A quick introduction:
If you want to program a graphical application for linux, your primary choices are using either X11 or Wayland. According to Wikipedia, X11 had its first release in 1984. X11 follows a client-server-model. I assume it's because the whole computational environment, was very different back then. If you have a central server which is doing all of the heavy lifting, while the user only connects to it via a slim client / dumb terminals / whatever, having the desktop system follow a client-server-model makes sense. In contrast, Wayland (protocol) had its first release in 2008. That's also quite a while ago, in the 2000s the computational environment was probably much closer to what we have today: A PC usually comes with a desktop / graphical interface, and the machine doesn't need to rely on an external server to do most of the computing.
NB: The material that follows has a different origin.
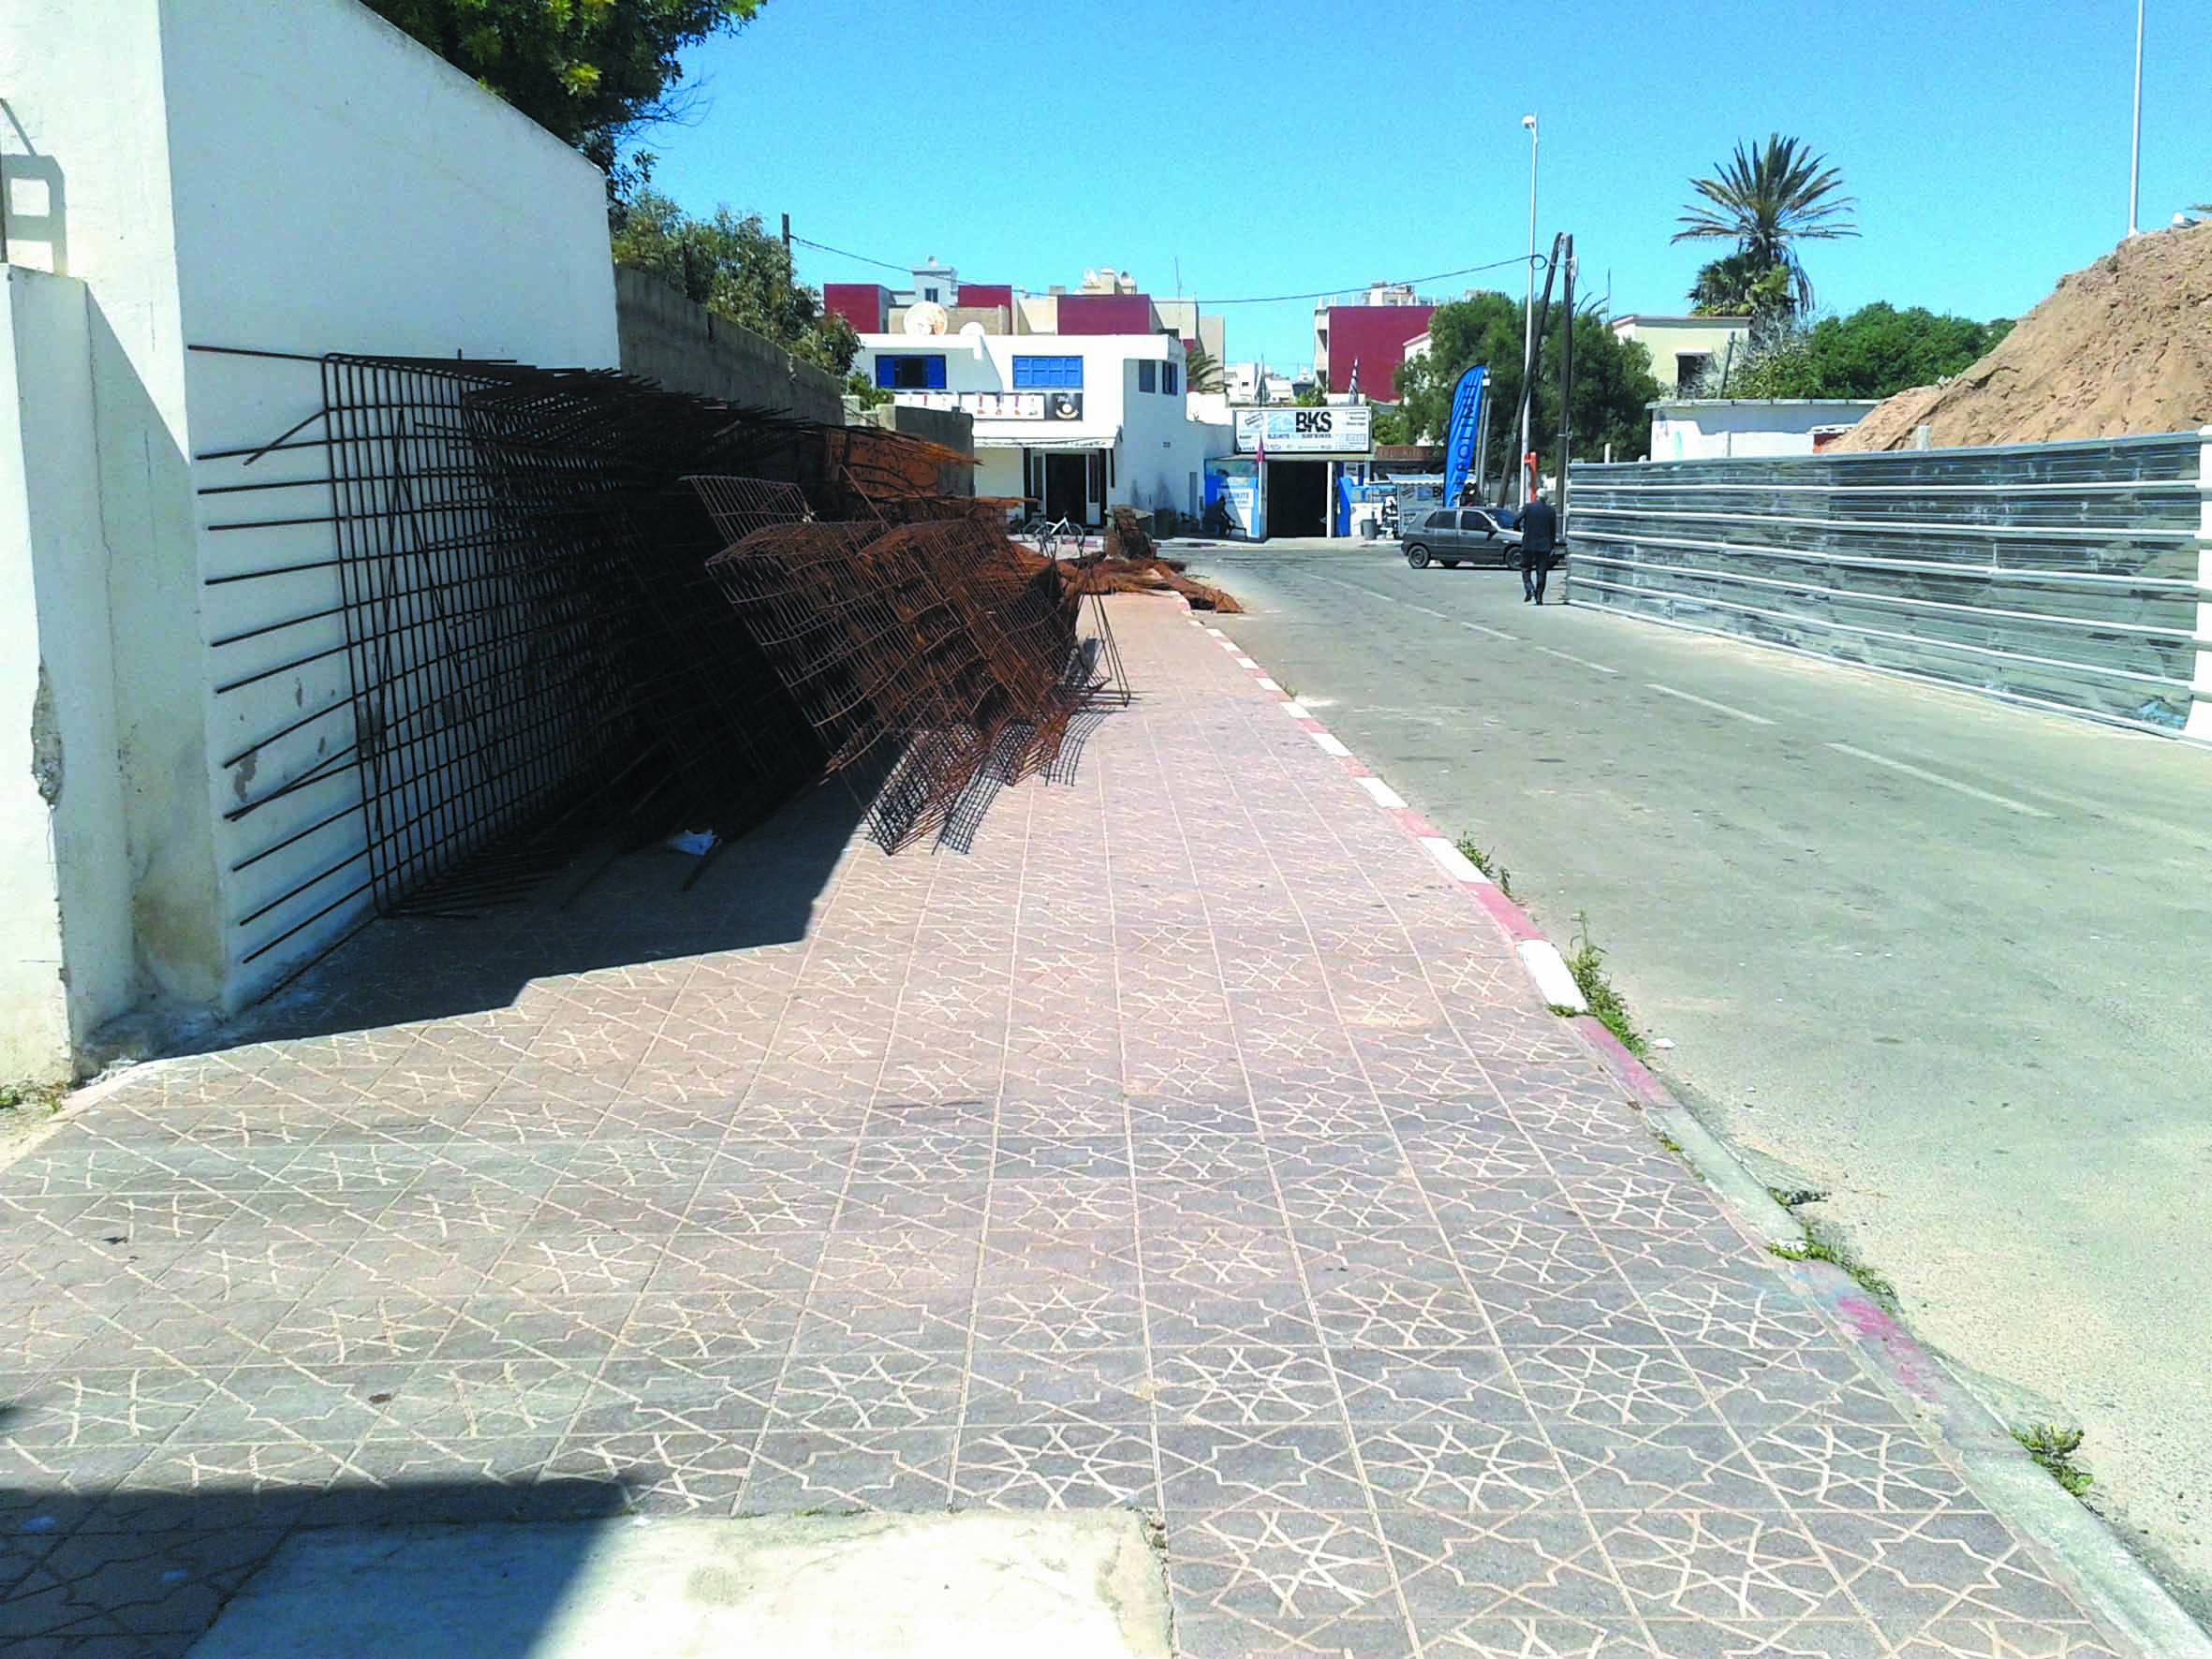 Les chantiers de construction squattent l’espace public à Essaouira

So, over the years there has been a push to switch from X11 to Wayland. And, at least on a surface level, this makes sense to me: Developers probably have learned a lot about the various requirements of desktops, so having a (mostly) clean cut for this new desktop environment seems promising. I have read claims stating that Wayland is inherently more secure than X11. Wayland isn't "outdated", we can design the desktop with performance and modern use-cases in mind.
I am typing this on a desktop machine running sway, which is a Wayland compositor. There definitely have been the common hurdles like desktop recording / sharing not working. But over time, these issues have been resolved - at least for my machine. Some years ago, I tried out both X11 and Wayland (I think back on Arch Linux). And honestly, the sway installation was far easier than the i3/X11 one. This ease of installation, combined with Wayland supposedly being "the future of Linux Desktops", and it supporting X11 applications via XWayland, made me stick to sway, even with its rough edges.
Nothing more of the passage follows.